夢の手製
ラムネ乾いたかな?
朝起きて真っ先に思った。
そういえば、向こうの国に行ったとき、ユリが黒猫クッキーを可愛い缶に入れてくれたなぁと思い出した。
リラに渡す分も可愛い入れ物が良いな。ユリに聞けば何かあるだろうか?
そうだ、きな粉棒もリラは好きな味だと思う。これも一緒に渡したら喜ぶかもしれない!
とりあえず、ラムネの様子を見に行こう。
コンコンコン
「ユリー居るにゃ?」
「はい、どうぞー」
ユリは部屋にいた。
「ラムネ乾いたにゃ?」
「あ、そうね。
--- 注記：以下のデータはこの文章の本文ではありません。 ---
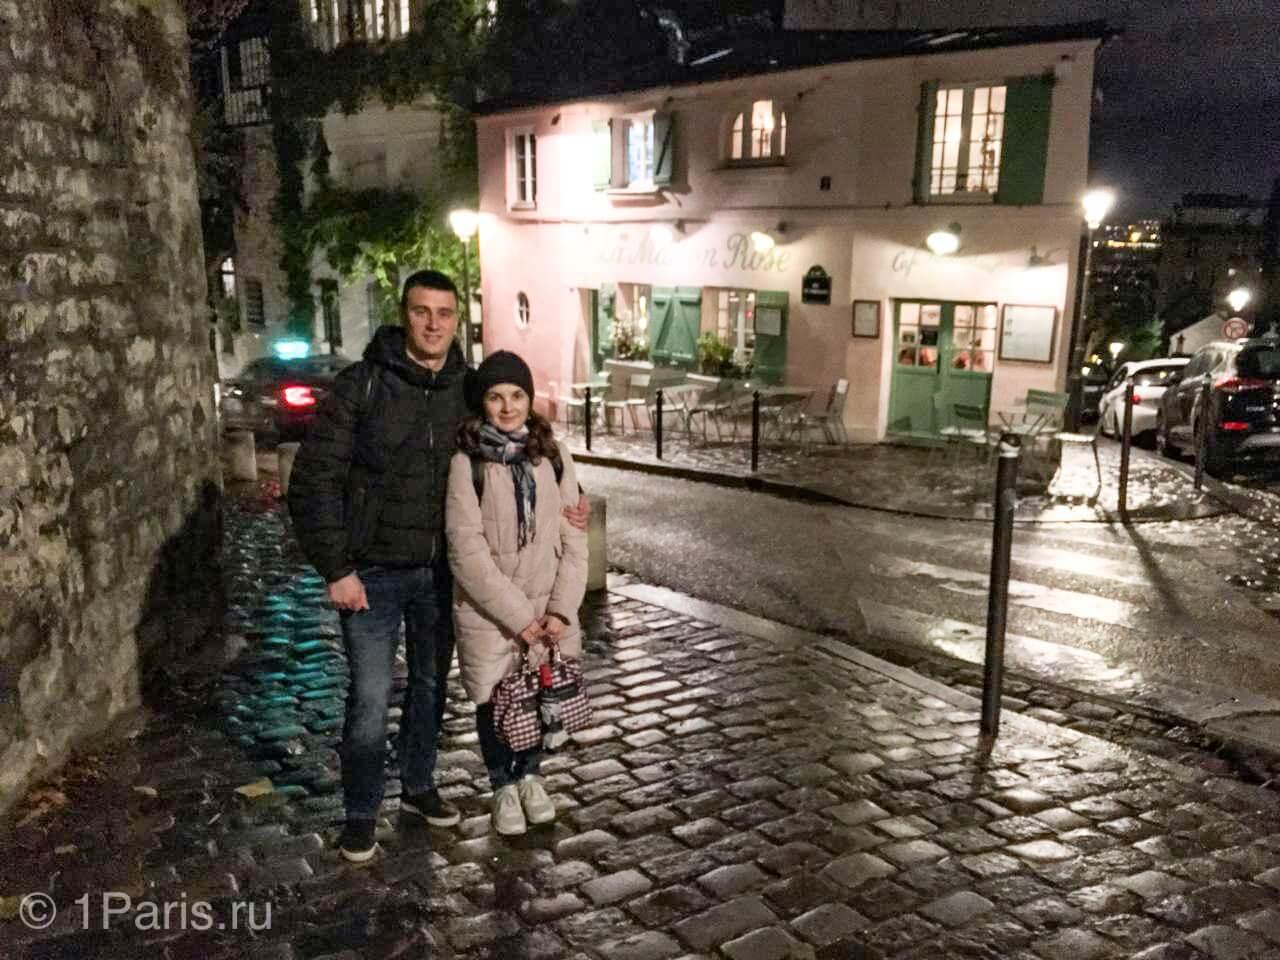 Вечерняя обзорная экскурсия по Монмартру

もう大丈夫だと思うわ」
きな粉棒のことも聞いてみよう。
「きな粉棒もリラに渡して良いにゃ?」
「構わないけど、まだ残っているの?」
「少しだけあるにゃ!」
「それも作りましょうか?」
作るのに電子レンジを使っていたはず。
「電子レンジないにゃ?」
「鍋とボールで作れるわよ。あ、でも爪楊枝はないけど良いかしら?」
「爪楊枝は食べないにゃ!」
「そうね。ふふふ」
ユリが作ってくれることになった。
よし手伝おう!
キッチンに行き、計量を始める。
ユリが水飴を温めている間に、きな粉と黒糖を量り良く混ぜた。
「ユリー、きな粉と黒糖混ぜたにゃ!」
「ありがとう。水飴もすぐ温まるわ」
ユリが水飴の火を止めて、鍋を持ってきた。
「混ぜるわよー」
「どうぞなのにゃ!」
きな粉に水飴を混ぜるのは危ないと言って、ユリがやってくれた。
ベトベトするものでやけどすると普通のやけどよりも危険なんだと教えてくれた。
一塊になったものをペシペシ触って、温度を確かめると、平たく伸ばした。
食べるときに、きな粉がこぼれないように一口サイズにして欲しいと言うと、それ良いわね!と言って、全部一口サイズに切ってくれた。
「これ良いわね。ソウに少し残して良い?」
元より、全部もらう気はない。
「大丈夫にゃ! ユリ、何か入れ物あるにゃ?」
「リラちゃんに渡す用?」
「そうなのにゃ!」
「おしゃれな容器と、実質的な容器、どっちが良い?」
「両方欲しいにゃ。リラにおしゃれな容器にゃ、もうひとつは自分で使うにゃ」
「ガラス瓶と、タッパーを渡すわね」
おしゃれな容器があるらしい。
さすがユリだ!
ユリは部屋からガラス容器を持ってきて、キッチンのタッパーも一緒にくれた。
「これ、箸を使って、そっと入れると良いわよ」
「わかったにゃ! ありがとにゃ!」
ユリに言われた通り、箸を使って、ガラス容器に綺麗に見えるようにラムネを詰めた。
すごく豪華になった。売ってるお菓子みたいだ!
入りきらなかった残りはタッパーに入れた。
「あ、ユメちゃん。きな粉の方は密閉容器が良いから、リラちゃんに渡す分もタッパーが良いわよ」
「わかったにゃ!」
きな粉多めのまま3つのタッパーに分けて入れた。
「そろそろお昼だけど、なにか食べる?」
「お腹空いたにゃ!」
「あ、いたいた!」
ソウが大きな箱を持ってきた。何が入っているのだろう?
「おかえりなさい。なにか買ってきたの?」
「ただいま。電子レンジ買ってきた!」
「え!?」「使えるにゃ?」
電子レンジが使えるようになるの?
ソウが、箱を開けながら答えた。
「炊飯器やオーブントースターと同時でなければ大丈夫だろう」
「何に使うの?」
「え?」
ユリの疑問に、ソウが固まっていた。
「ユリ、要らなかった?」
ソウがおずおずと聞いていた。
「あ、あれば便利よね。どうもありがとう」
失言に気づいたらしいユリが繕ったことを言っていたけど、なんだか・・・。
「うん・・・」
ソウがうなだれている。ここは助け船を出した方が良いのか?
「きな粉棒が作りやすくなるにゃ!」
「そうだよな! ユメ、早速作るか?」
「さっき作ったにゃ」
あ、失敗した・・・。
「無限ピーマ、いや何でもないわ」
何かユリが不穏なことを言いそうになっていた気がする。
「ユリ、焼おにぎり作ってよ!電子レンジでいつでも食べられるから」
ソウが笑顔で言った。
「え、あ、はい」
ユリが居ないときにここで食事をする機会ってあるの?
ユメは思ったが、あえて言わなかった。
ユリがいる限り、焼おにぎりもその場で作ると思う。